I don't know why that happens.

You might be wondering, if I'm using the same algorithm as the C version, why is my semicircle so much larger than the original circle? That's an annoying quirk of mathematics.

With a circle, we have $ π = { 4a \over d^2 } $. For fixed $d$, we need an area $ a = { πd^2 \over 4 } $. But our area is an integer. So for fixed $d$, we can get an upper and lower bound on $π$, and we choose to display one of these. As we increase $d$, the bounds get tighter, but the lower bound doesn't move monotonically up, and the upper bound doesn't move monotonically down. $ d=16 $ is the first time that either bound gives us three decimal places, with an area of 201.

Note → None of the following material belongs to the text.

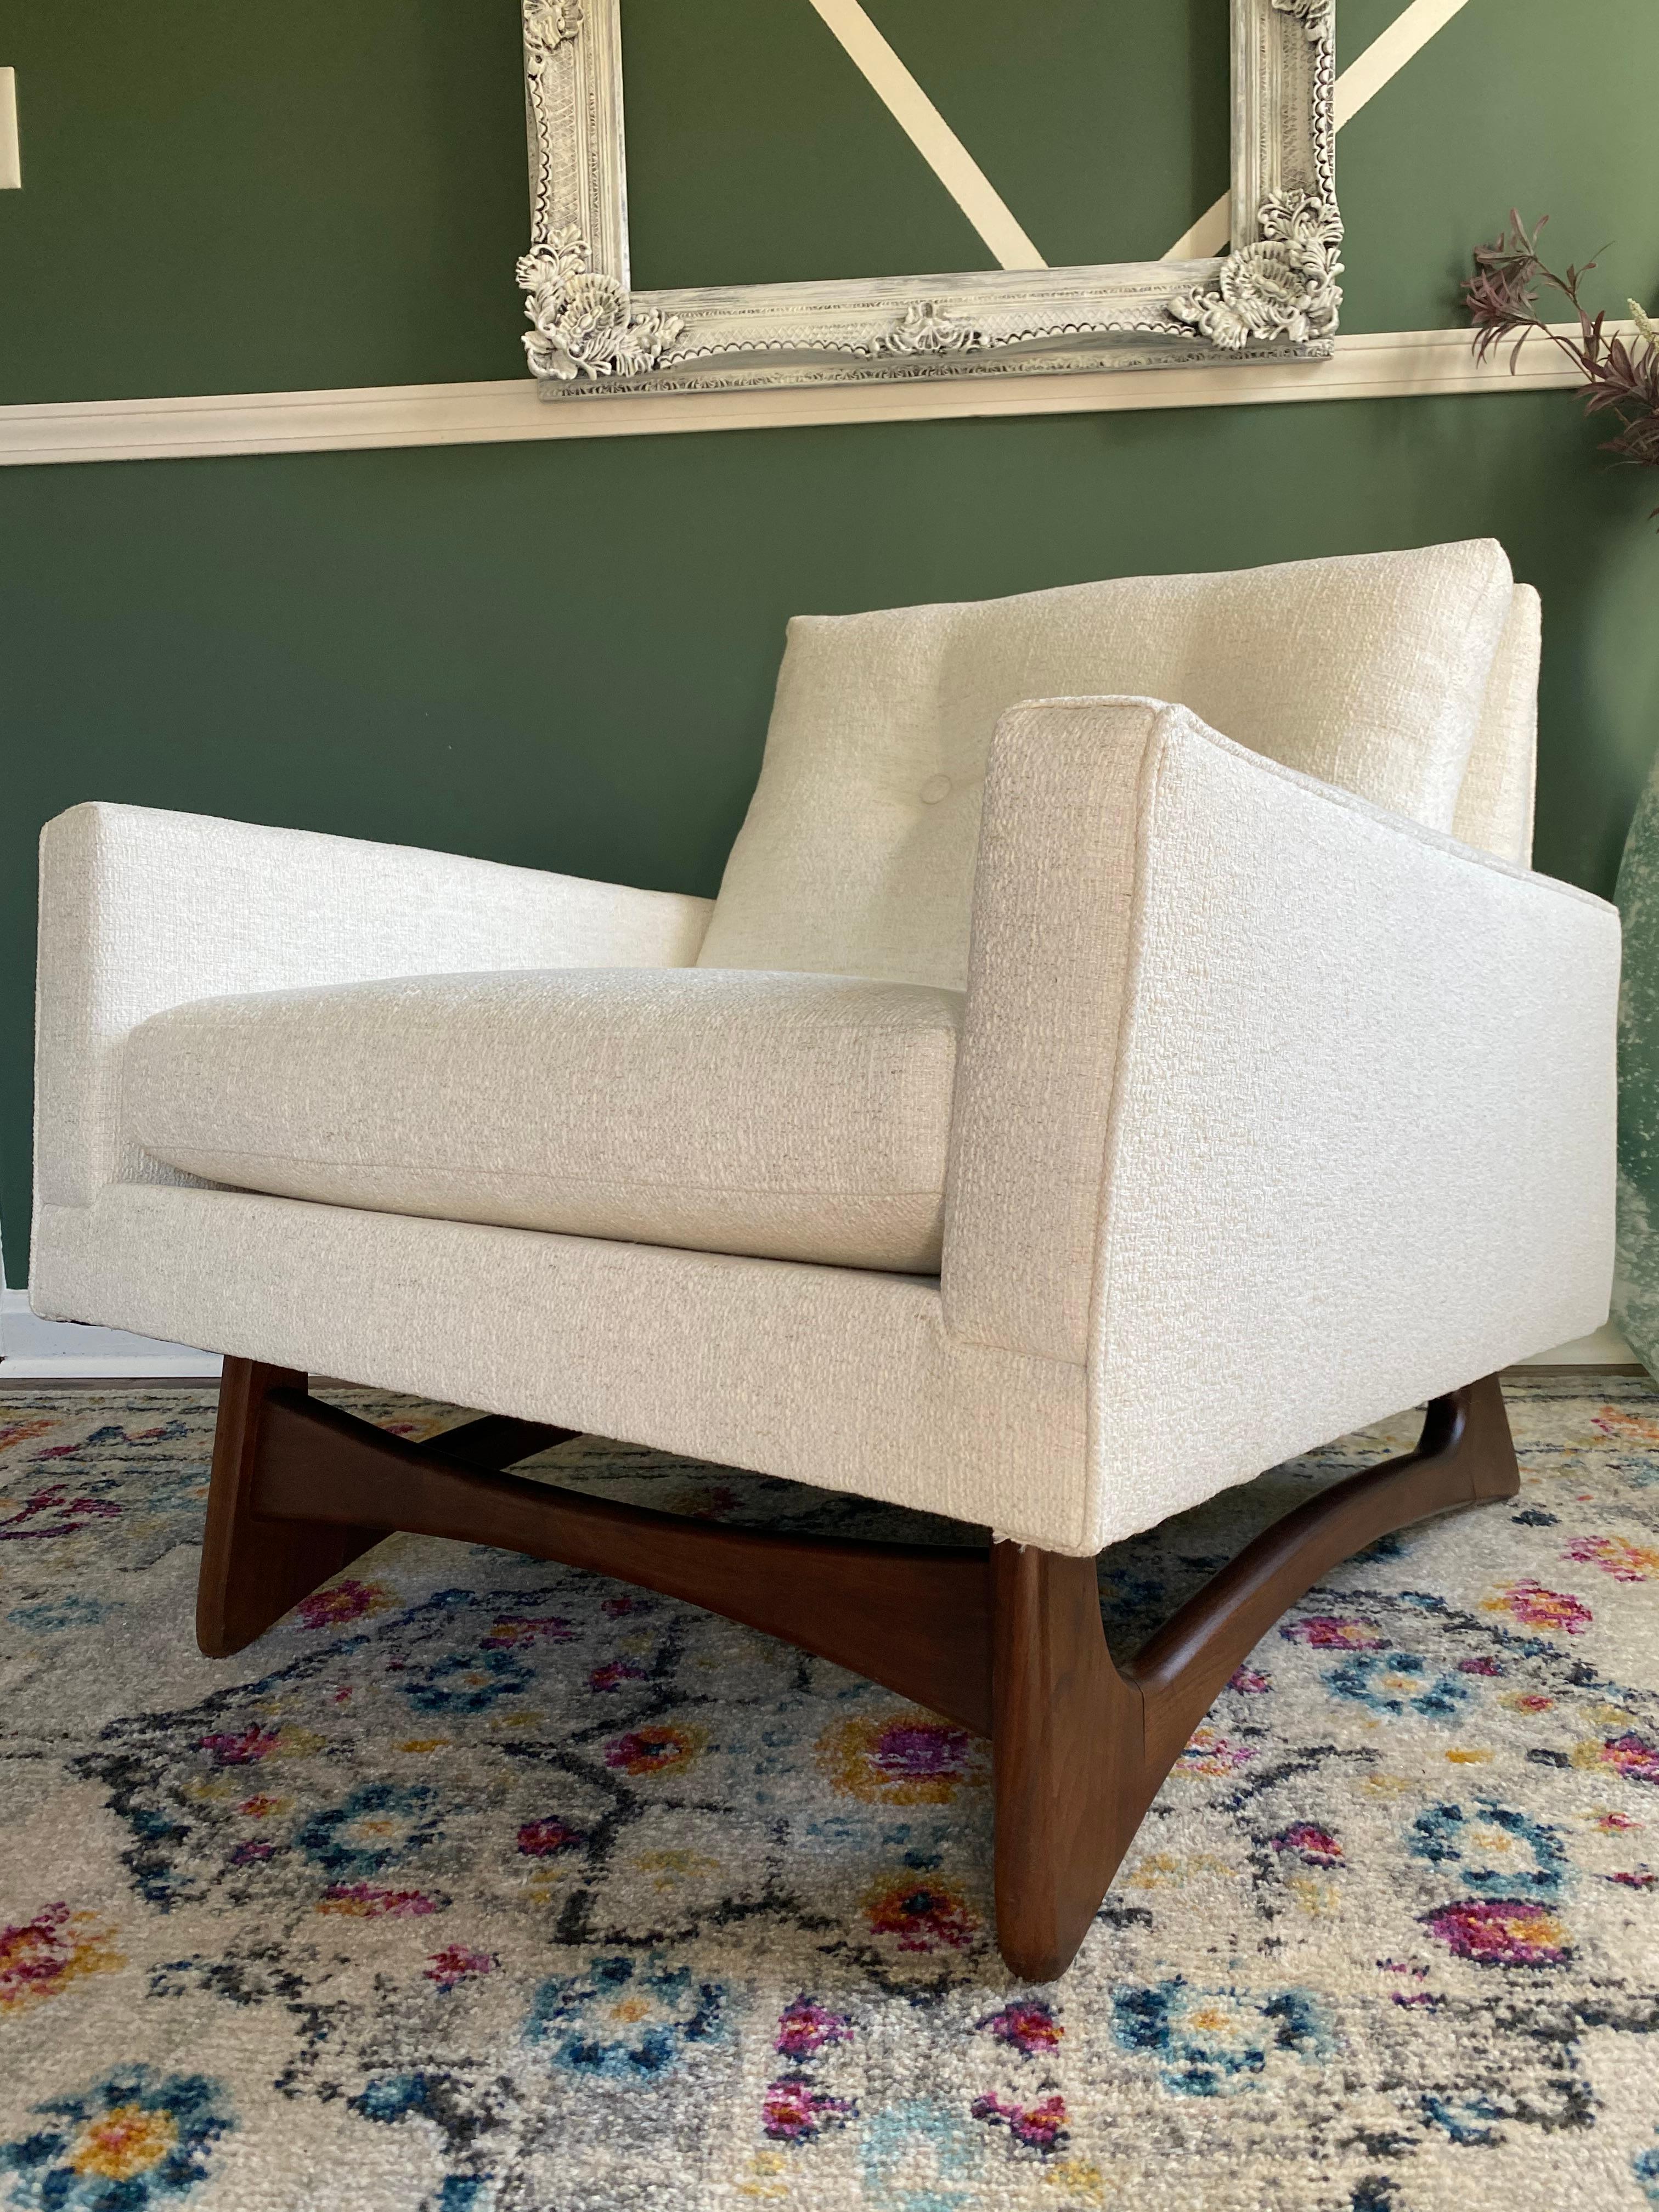 Mid-Century Modern Adrian Pearsall lounge chair by Craft Associates, 2406 reupholstered using Crypton finished off-white boucle fabric, which offers a stain-resistant finish. All new foam and cotton batting included as well. This Pearsall piece

I had to go with a semicircle, because of significant whitespace, so I instead need an area $ a = { πd^2 \over 8 } $. With a diameter of 16, I could choose between an area of 100 or 101. These give π as 3.125 or 3.15625, which aren't even correct to two decimal places. If I wanted three decimal places, I needed a diameter of 32 and an area of 402. (My semicircle is actually 34 lines tall, but as noted above, the first and last lines don't do anything.)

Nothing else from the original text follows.